Influence of MYO6 expression level in the hair cells

The finding that overexpression of MYO6 may cause hearing loss may indicate that the hearing process is influenced by the level of MYO6 transcript. If the transcript level ranges between 50 and 100%, this seems sufficient for a normal protein function, which is supported by the finding that heterozygous carriers of recessive mutations do not have hearing loss. Patients of family 2 were found to have transcript levels of 80–85%, but in this case, the hearing loss is probably due to a dominant-negative effect. The absence of normal transcript leads to profound hearing loss as seen in homozygous carriers of recessive mutations. The effect of transcript levels between 0 and 50% is not known in humans. However, recessive sesv mutant mice, which have a deafness and circling phenotype, were found to have very low expression levels of Myo6 mRNA and total absence of protein expression. Furthermore, in recessive sesv mutant mice with a similar phenotype, expression of myosin VI protein in the inner ears was reduced to 11–16% of the levels found in control mice.24 These findings may indicate that expression levels between 0 and 50% may contribute to the hearing loss in both mice mutants. In addition, the dominant mutations with presumed dominant-negative effect suggest that these lower levels may lead to hearing loss with a milder phenotype due to the residual myosin VI activity. Our results for family 1 show that levels above 100% may also be deleterious for the hair cells.

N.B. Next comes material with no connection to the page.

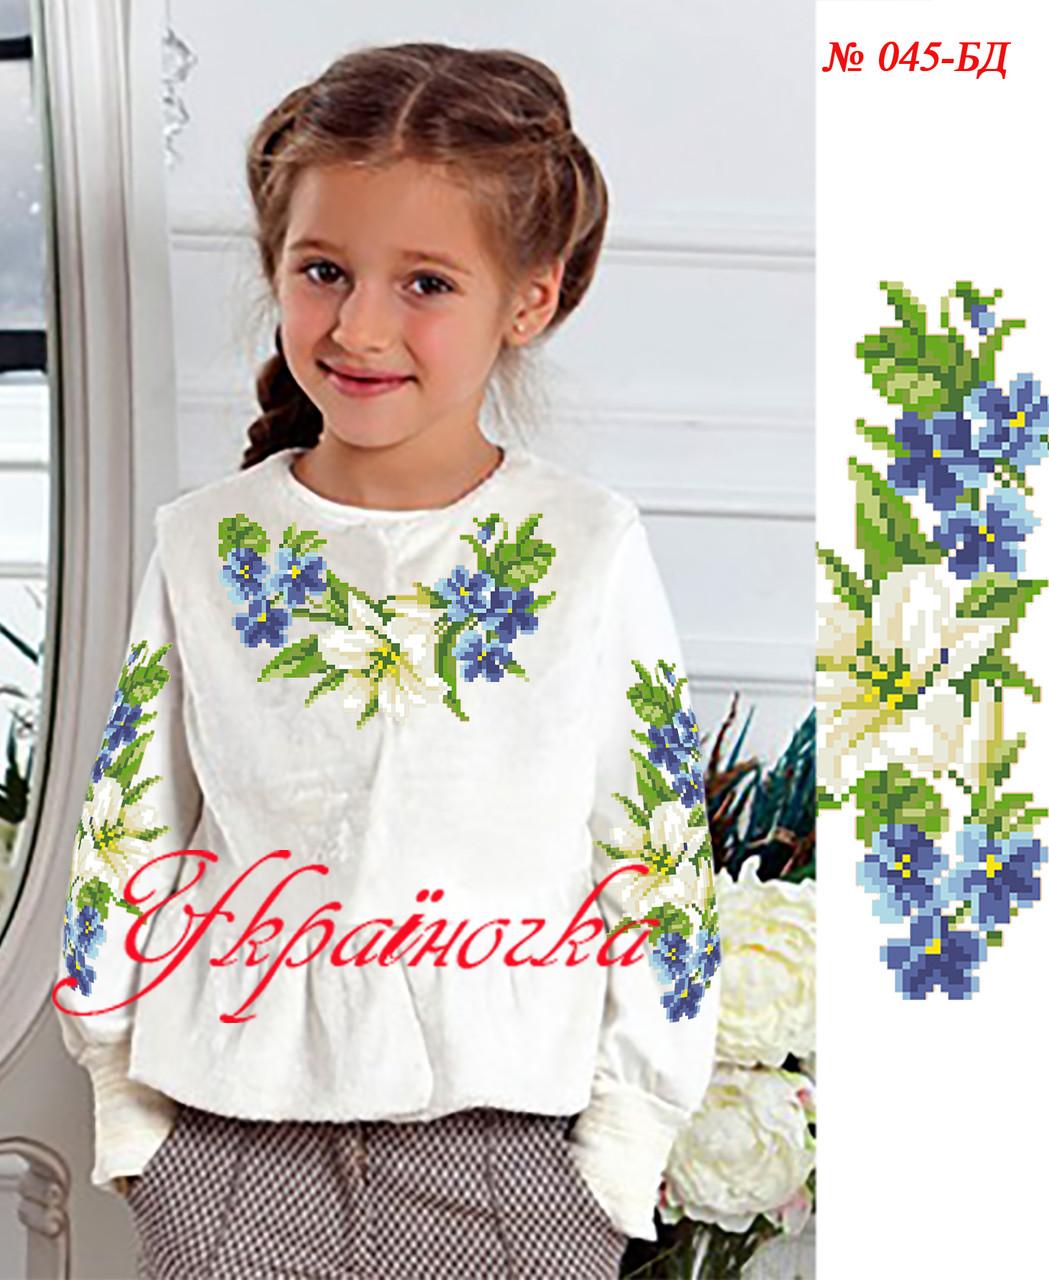 Заготовка блузы для девочки под вышивку БД-045 - Интернет-магазин Hobby  Produkt в fb825c5cff515

It is remarkable that MYO6 is expressed in a wide variety of tissues while patients with MYO6 mutations only suffer from hearing loss. The specific phenotype for the patients could be explained by the hypothesis that mainly the hair cells in the inner ear, where expression is highest, are very sensitive to changes in the amount of MYO6 transcript below 50% and above 100%. Differences in NMD efficiencies in different cell types may partially explain the tissue-specific effect of the mutation.23 Another hypothesis is based on the fact that MYO6 is mainly expressed in epithelial cells and required for maintaining the structural integrity of cells and not for development.26 In epithelial cells such as the ones in the intestine or the kidney, MYO6 is not essential for maintenance because these cells have a very high turnover. On the contrary, the inner ear epithelial cells are postmitotic and do require MYO6 for structural maintenance as they cannot be renewed.